Tasmania’s treasurer will be grilled by a parliamentary committee over how the Liberals funded grants during the 2021 election campaign, with concerns growing over “pork-barrelling” allegations and a lack of transparency.
- The government has been under increasing scrutiny for months over how it gives out grants at election time
- Parliament’s accounts committee has now launched an inquiry
- Hearings will begin on Monday with Treasurer Michael Ferguson listed as the first witness
The government has been under increasing pressure over the allocation of $15 million in taxpayer funds, including $2.47 million covering 111 projects which did not undergo parliamentary scrutiny.
In one example, a Liberal candidate announced a $100,000 grant for a volleyball club he was involved with.
After heated debate in parliament this week — including allegations of ministers misleading parliament — a joint-parliamentary committee will examine the issue.
Treasurer Michael Ferguson and Treasury secretary Tony Farrall will face questioning by the parliamentary accounts committee on Monday.
Committee chair, independent upper house member Ruth Forrest, said the issue had been “on the radar” since the Integrity Commission released a report in the 2018 election, with concerns over a lack of process and public scrutiny.
She said further recent examples had prompted the committee to conduct an inquiry.
“Every community — small community, big community organization — should have equal opportunity to apply to the government for support to lobby their local member or local candidate if you like,” Ms Forrest said.
“Not everyone knows a local member, not everyone knows a candidate, so there can be organizations that don’t have a fair and equal access to some of these funds, or potential funds.
“I don’t have a problem, personally, with people [going to the] government to say our club needs this, our club needs that.
“But what is important to follow is a process where they’re assessed against a criteria.”
Following the election last May, former prime minister Peter Gutwein and senior officials worked quickly to start funding projects under the Local Community Facilities Fund by the end of the financial year.
These projects were not included in any appropriation or budget bill, due to the lack of time.
Instead, governor Barbara Baker was asked to sign off on them under a process for unforeseen expenditure, under the Financial Management Act.
Ms Forrest said this process was not designed for election commitments.
“Those sorts of payments should be limited to costs that are unforeseen and unanticipated, like a natural disaster or some other major matter that comes up that requires funding,” she said.
Some payments to receive scrutiny, but often “after the event”.

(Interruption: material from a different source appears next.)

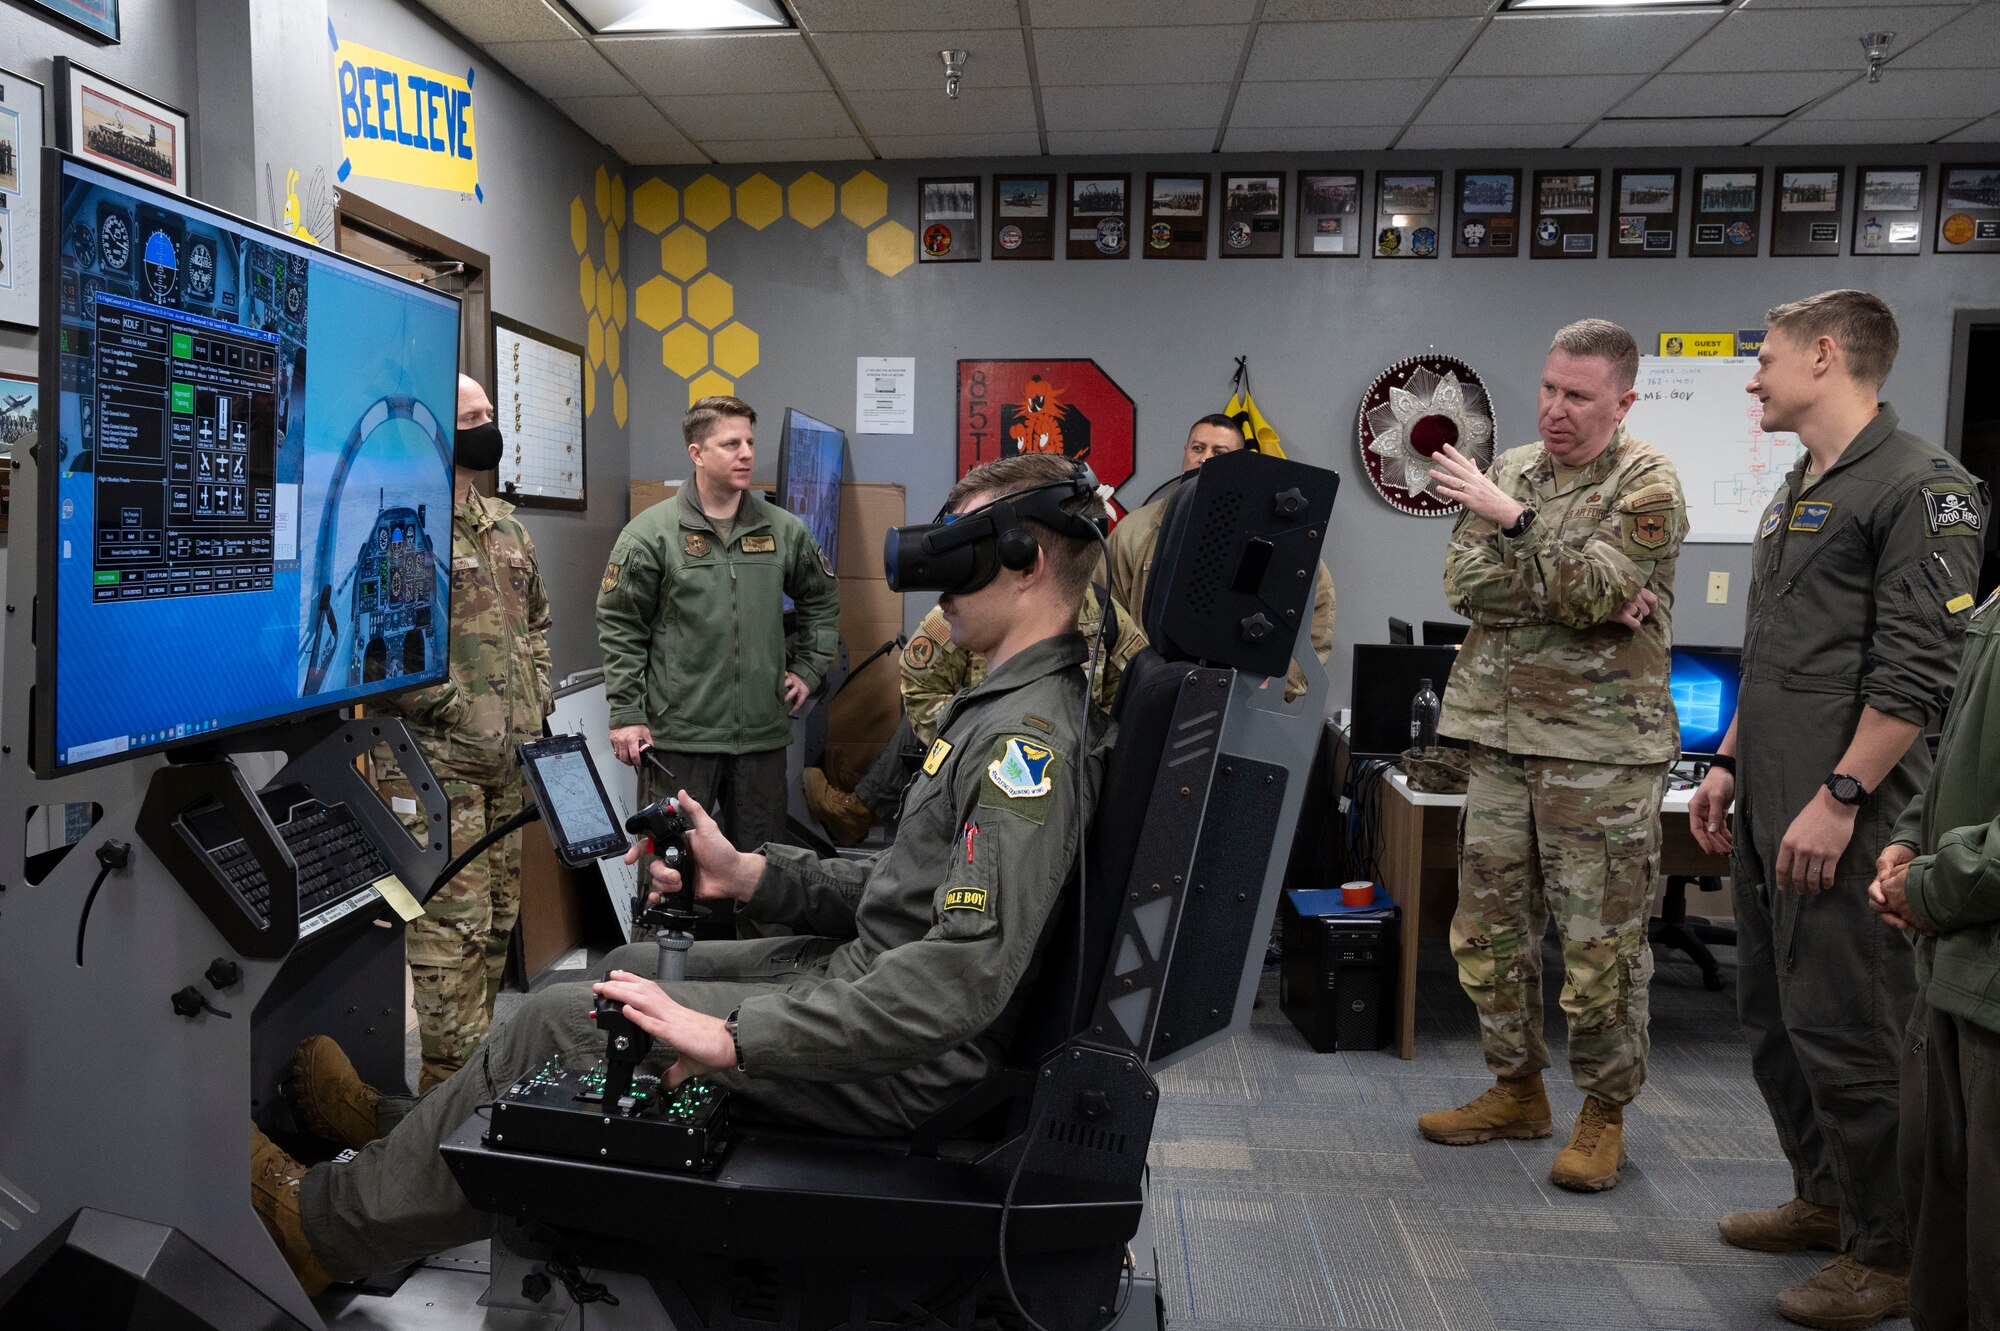 U.S. Air Force Capt. Aaron Robinson (right), 85th Flying Training Squadron T-6A Texan II instructor pilot, shows Chief Master Sgt. Chad Bickley (second from right), command chief for Air Education and Training Command, a T-6 aircraft simulator inside a 47th Student Squadron classroom at Laughlin Air Force Base, Texas, Jan. 22, 2024. Bickley spent time with Team XL members to get a closer look at of how Laughlin’s Airmen train student pilots to be the Air Force’s newest and most lethal pilots. (U.S. Air Force photo by Senior Airman Kailee Reynolds)

After the committee — made up of two independents, two Labor and two Liberal MPs — has completed Monday’s questioning, it will use the evidence to determine the next steps, which could include questioning of other cabinet ministers or department officials, most likely next year.
‘Fail, fail, fail, fail, by this government’
The issue prompted fierce debate on the floor of parliament.
The week started with cabinet minister Nic Street confirming he “incorrectly answered” questions about the Local Communities Facilities Fund during budget estimates in June.
He apologised and said he “would never knowingly mislead parliament”.
Labor attempted to censure Premier Jeremy Rockliff, claiming he also misled parliament, but this was defeated.
Labor leader Rebecca White said the grants processes at both the 2018 and 2021 elections were concerning, citing an earlier Integrity Commission report.
“Decisions about recipients did not meet the following principles: accountability, openness, fairness, or value for money,” she said.
“Fail, fail, fail, fail, by this government and another fail by the Premier right now, who has continued to mislead Tasmanians about the way money was distributed by this government when it came to fulfilling their election promises.
“There was no parliamentary scrutiny through the budget process, which is what the Premier continued to claim. There was no scrutiny through the budget estimates process, which is what the Premier had continued to claim.”
Mr Ferguson said the laws had been followed at every stage.
“That process is a valid and lawful process under the Financial Management Act,” he said.
“In my role at that time as minister for finance, when debating the supply bill in 2021, I said the Financial Management Act provides flexibility to enable the government to fund election commitments prior to the Appropriation Act being passed.”
The government’s election commitment process has faced criticism from the Center for Public Integrity, describing it as an extreme version of the federal “sports rorts” saga.